La dotation modulée à l'activité en SSR (DMA), dont la mise en œuvre est prévue pour 2017, repose sur une classification à visée tarifaire en groupes médico-économiques (GME) dont l'unité de groupage est le séjour en hospitalisation conventionnelle et la semaine en hôpital de jour. L’outil de recueil qui la supporte est le PMSI-SSR qui n'a pas fondamentalement changé (figure 1). L'échelle ou les échelles de tarifs correspondant aux GME seront issue de l'échelle nationale des coûts à méthodologie commune (ENCC). Certains GME seront « forfaitisables », d’autres non et un ajustement complexe à la journée pondérée persistera à côté des forfaits au séjour.
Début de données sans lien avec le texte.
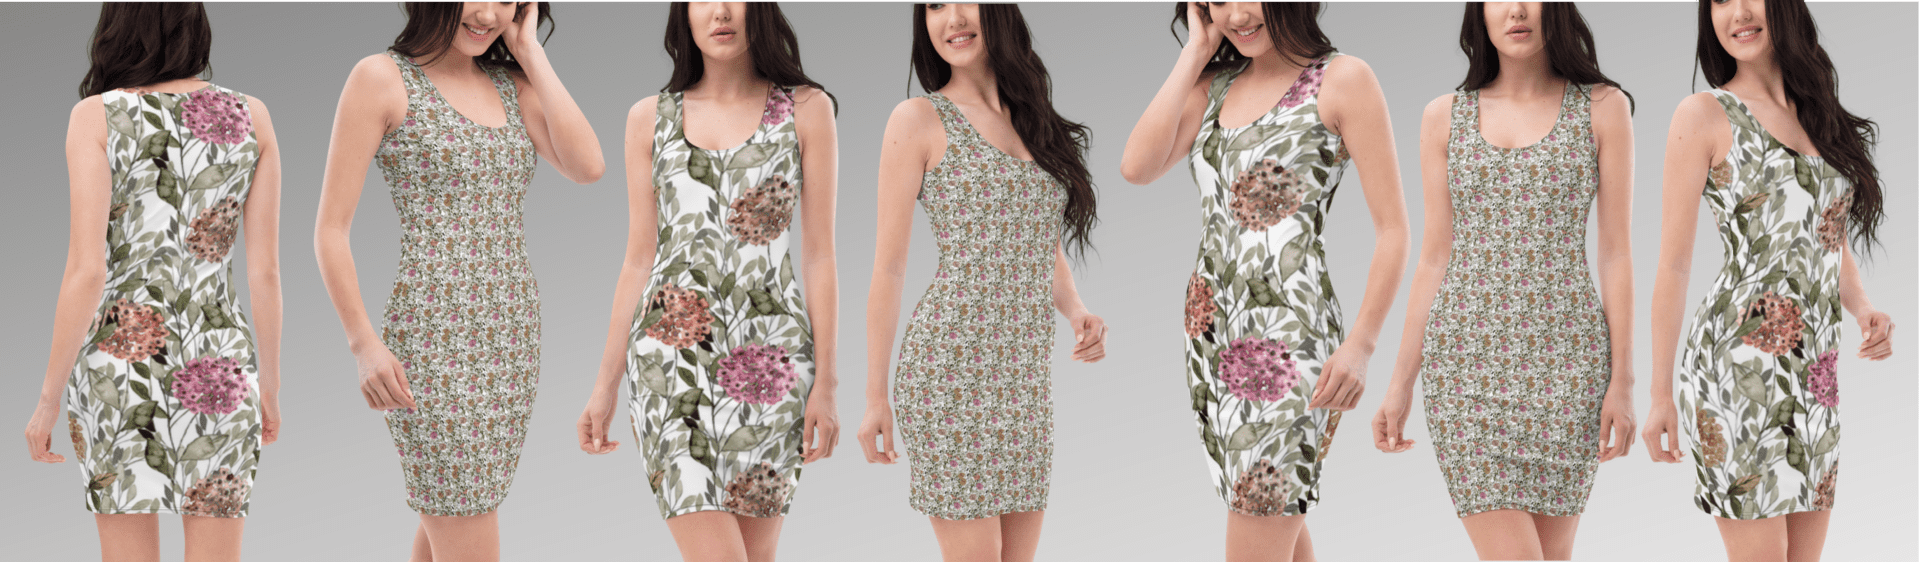 Women model floral print dresses

Les SSR des secteurs public et privé à but non lucratif financés par la dotation annuelle de financement (DAF) et les établissements SSR à but lucratif, actuellement financés au prix de journée par disciplines tarifaires, vont converger vers un financement commun à 4 compartiments : (I) Activité, (2) MIGAC et MERRI, (3) plateaux techniques spécialisés (PTS) et (4) médicaments onéreux. Le compartiment activité sera doté de subtils mécanismes d'amortissement des fortes hausses et baisses de revenus induites par le nouveau modèle, avec notamment A/ une part de dotation dite "socle", fondée non plus sur la DAF, mais bien sur l’éventail de cas (ou  casemix) en GME des années précédentes et B/ une part sur l'activité en cours incitant à la performance (figure 2). Le socle et le compartiment à l'activité en cours sont donc bien dépendants des futures échelles tarifaires. L'ensemble des compartiments reste bien entendu limité par l'enveloppe globale de l'ONDAM. Augmenter un compartiment, c'est nécessairement en diminuer un autre. Ces mécanismes de transition sont prévus jusqu'en 2022.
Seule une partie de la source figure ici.